Code Vigorous

Dustin J. Mitchell

What's New in Amanda: Hackability

01 Jul 2010

It’s been a while since I’ve posted about recent development in Amanda, but it’s not for lack of interesting topics!

Today I want to talk a little bit about Amanda’s development. Historically, Amanda has always had a small, core group of developers who do the lion’s share of the development work. There are probably lots of reasons for this, not least of which is that a backup application isn’t the sexiest project on which to spend your spare time. But I think there’s a deeper reason, and it has to do with hackability. Amanda was originally written in C, which means any changes require the full set of developer tools. For example, just to fix a typo in an error message, you would need to find the source, configure and compile it, find and fix the error message, and recompile to test. Fixing something more substantial in the highly interdependent Amanda codebase also requires a deep understanding of many parts of Amanda - from the obscure configuration interface to the oddly interlinked disklist structure. This level of programming skill is not common among Amanda’s user base (systems administrators), and I can count the people who understand the disklist structure on one hand.

The result has been a paltry flow of patches from anyone but the core hackers. Furthermore, no entry path has been available by which newcomers could work their way up to being core developers. While I don’t want to disparage the work of any of the great programmers who have written Amanda over the years, it’s a shame that there have been so few at any time, and I worry about what would happen if the number were to reach zero. So what to do?


We’ve done a few things to try to make Amanda more hackable. Probably the biggest change is to rewrite parts of Amanda in Perl. I’m asked “why” quite often, and while we had a lot of reasons, two relate directly to hackability. First, more sysadmins know Perl than C, because Perl is quite often used to build the “glue” that links systems together. Interestingly, based on many conversations, it seems that Python may also have been a good choice, as I suspected when I first proposed the rewrite. But it’s too late now!

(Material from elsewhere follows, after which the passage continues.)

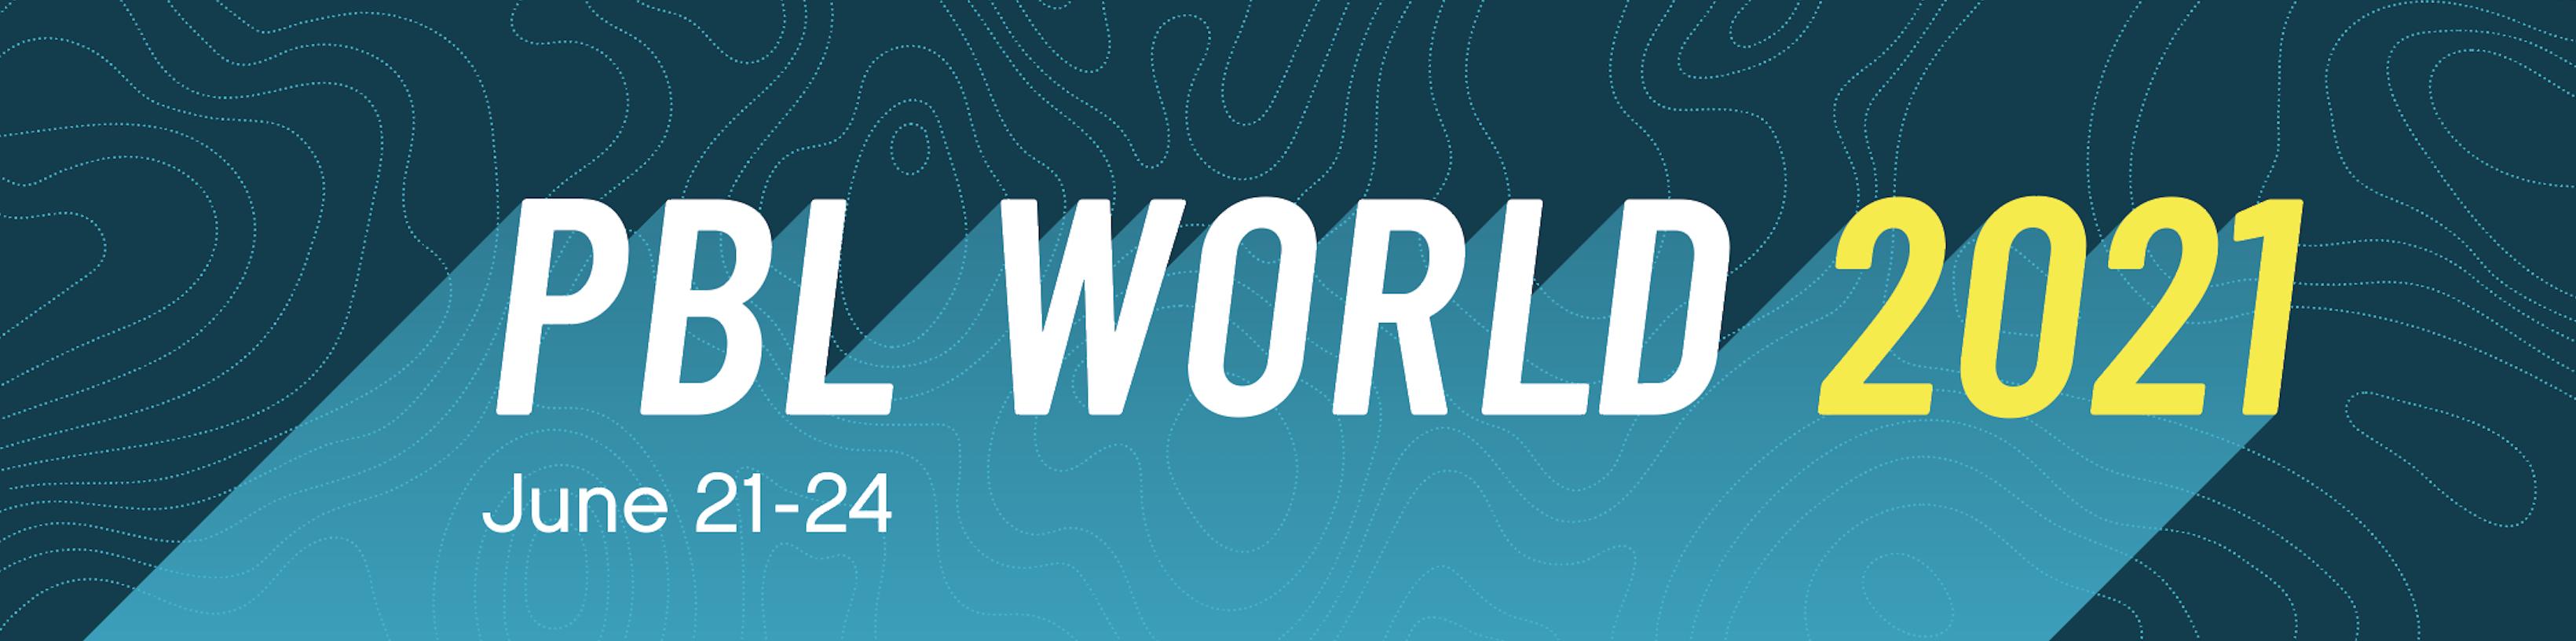 PBL World 2021 - June 21-24

Second, and more importantly, Perl code can be hacked in place. If amvault isn’t acting the way you want it to, just open up /usr/sbin/amvault and tweak away. No need to download the source, no need to compile, no segmentation faults, just hacking. When you’re done, run a quick diff and send the results to amanda-hackers.

Even users who do not know Perl can take advantage of this in-situ hackability. Within Amanda’s C code, if I want a user to try a patch, that user must figure out how to download Amanda’s source, apply the patch, configure, compile, and install. None of those steps are trivial. With Perl code, I can often provide a patch that is simple enough to be applied directly to the installed executables by hand, or with a simple application of patch. Everyone stays focused on the bug under investigation, and the user’s backups are up and running that much more quickly.

New APIs

As I mentioned before, historically Amanda’s code has been highly interdependent. Details of the implementation of the holding disk were spread over most of the files in the server implementation. The dumplevel -987 has a special meaning that is documented nowhere, but referenced in several source files. All of this makes new development difficult, because it’s impossible to “slice off” and study a portion of Amanda in isolation.

The solution here is to create abstract interfaces, where new functionality can be “plugged in” and Amanda can use it without changes. The Amanda developers have abused the term “API” for these interfaces, and we now have quite a few:

  • Application API - an abstraction of backup clients, e.g., ampgsql for Postgres;
  • Device API - an abstraction of backend storage devices, such as tape, disk, cloud, or DVD-RW;
  • Changer API - an abstraction of tape changers and other mechanisms for selecting from a set of volumes; and
  • Script API - a means of invoking scripts before or after certain events during a backup.

This strategy has already paid off: we have seen several new scripts and applications contributed, and the DVD-RW device arrived out of the blue as a contribution from someone who found it useful.

Other Changes

In the interest of greater accessibility to new hackers, we have also put Amanda on github and created a set of good “beginner” projects. Zmanda has even offered to pay people to hack on Amanda, as a way of easing the cost of entry. I also try to point out interesting projects on the Amanda mailing list, particularly projects that Jean-Louis and I probably will not find time to work on.

The idea here is to encourage new hackers to pick up a well-scoped project to become familiar with Amanda. The hackers can then move on to more sophisticated projects that meet their particular backup needs or address a particular interest.

Will You Join Me?

So Amanda is ready for you. When can you start?